=== Section Start ===

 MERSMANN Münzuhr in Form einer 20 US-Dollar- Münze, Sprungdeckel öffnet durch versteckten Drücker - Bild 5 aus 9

=== Section End ===
=== Section Start ===

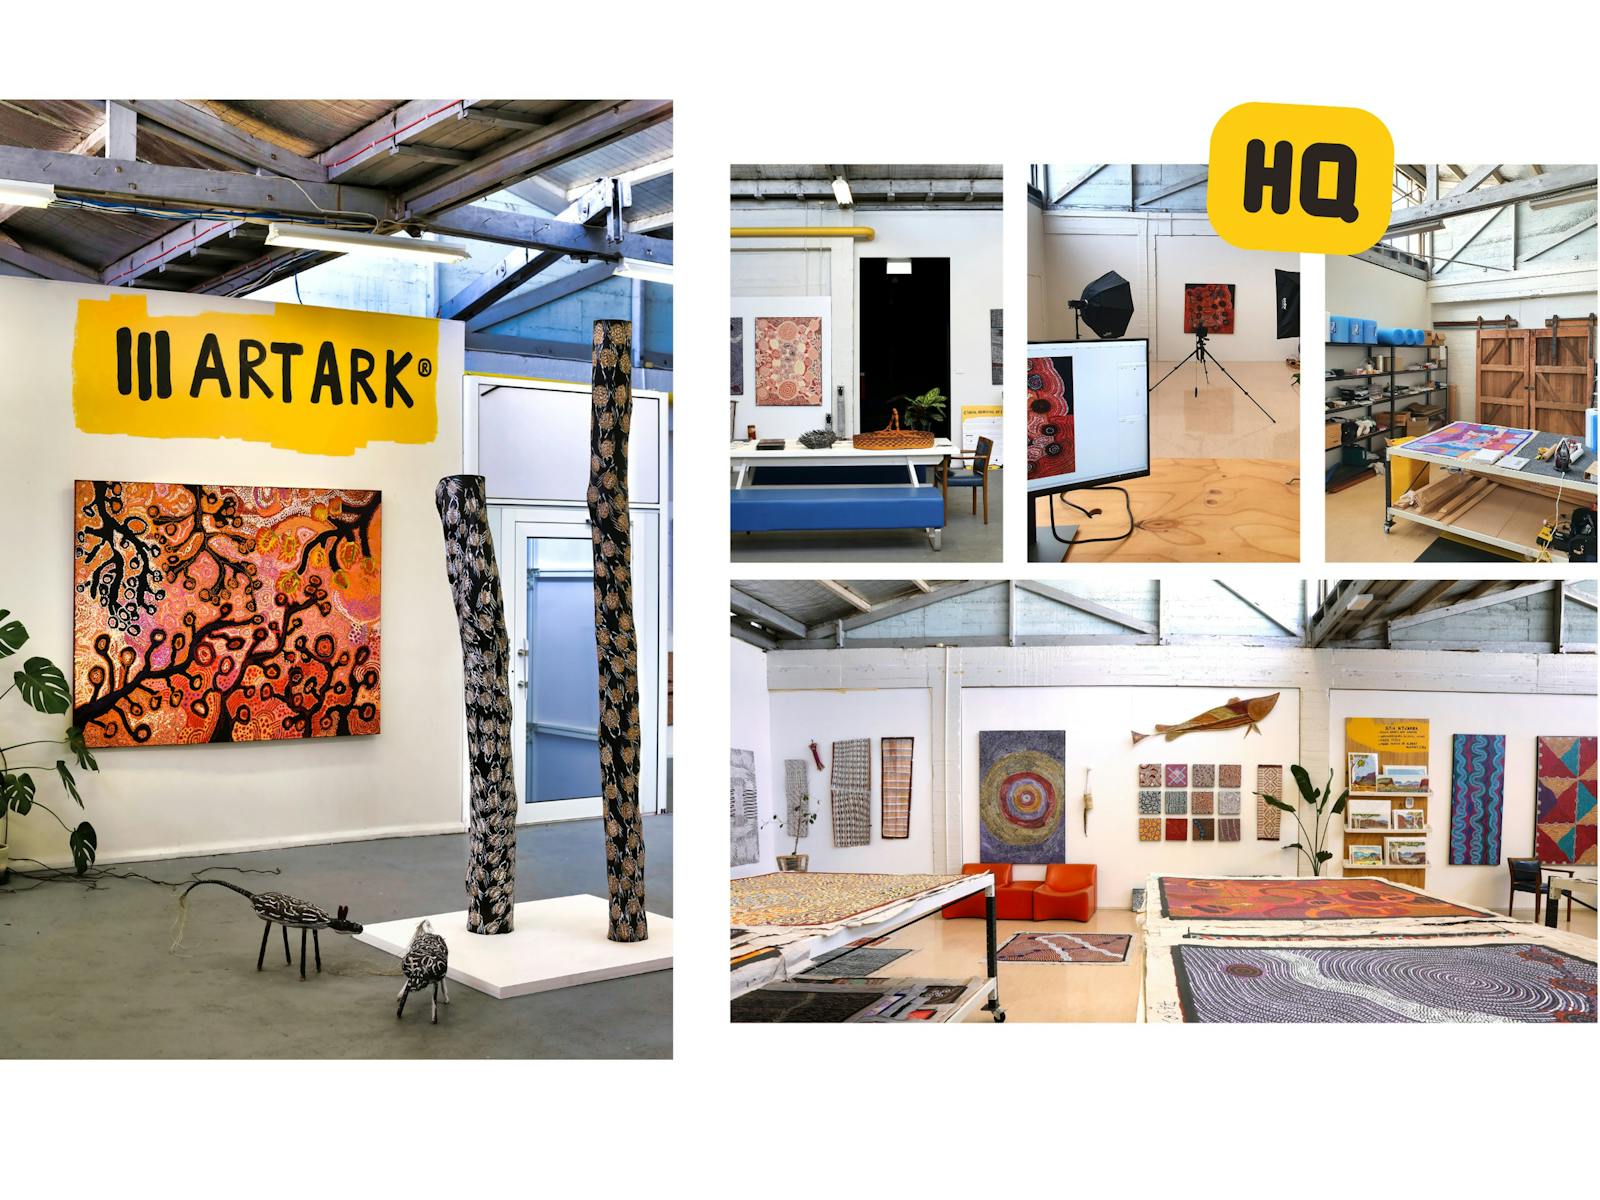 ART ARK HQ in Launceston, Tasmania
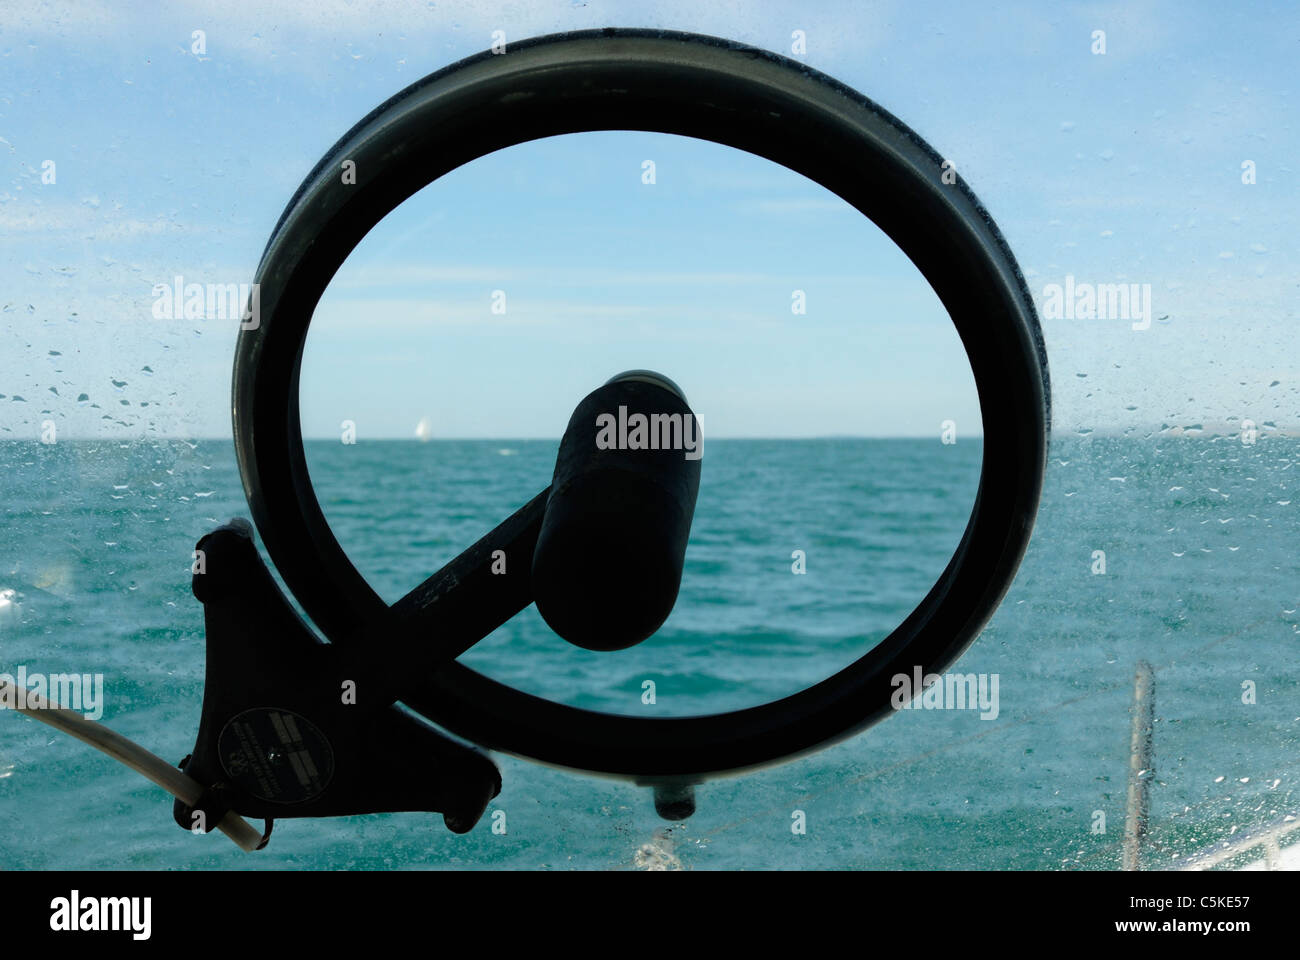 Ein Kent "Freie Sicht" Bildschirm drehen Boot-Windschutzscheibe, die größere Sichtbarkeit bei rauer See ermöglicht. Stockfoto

=== Section End ===

Reproduce the data above exactly, but only the lines from the one showing "ART ARK HQ in Launceston, Tasmania" through the one showing "See ermöglicht. Stockfoto", with both ends kept and the pictures left out.

 ART ARK HQ in Launceston, Tasmania
 Ein Kent "Freie Sicht" Bildschirm drehen Boot-Windschutzscheibe, die größere Sichtbarkeit bei rauer See ermöglicht. Stockfoto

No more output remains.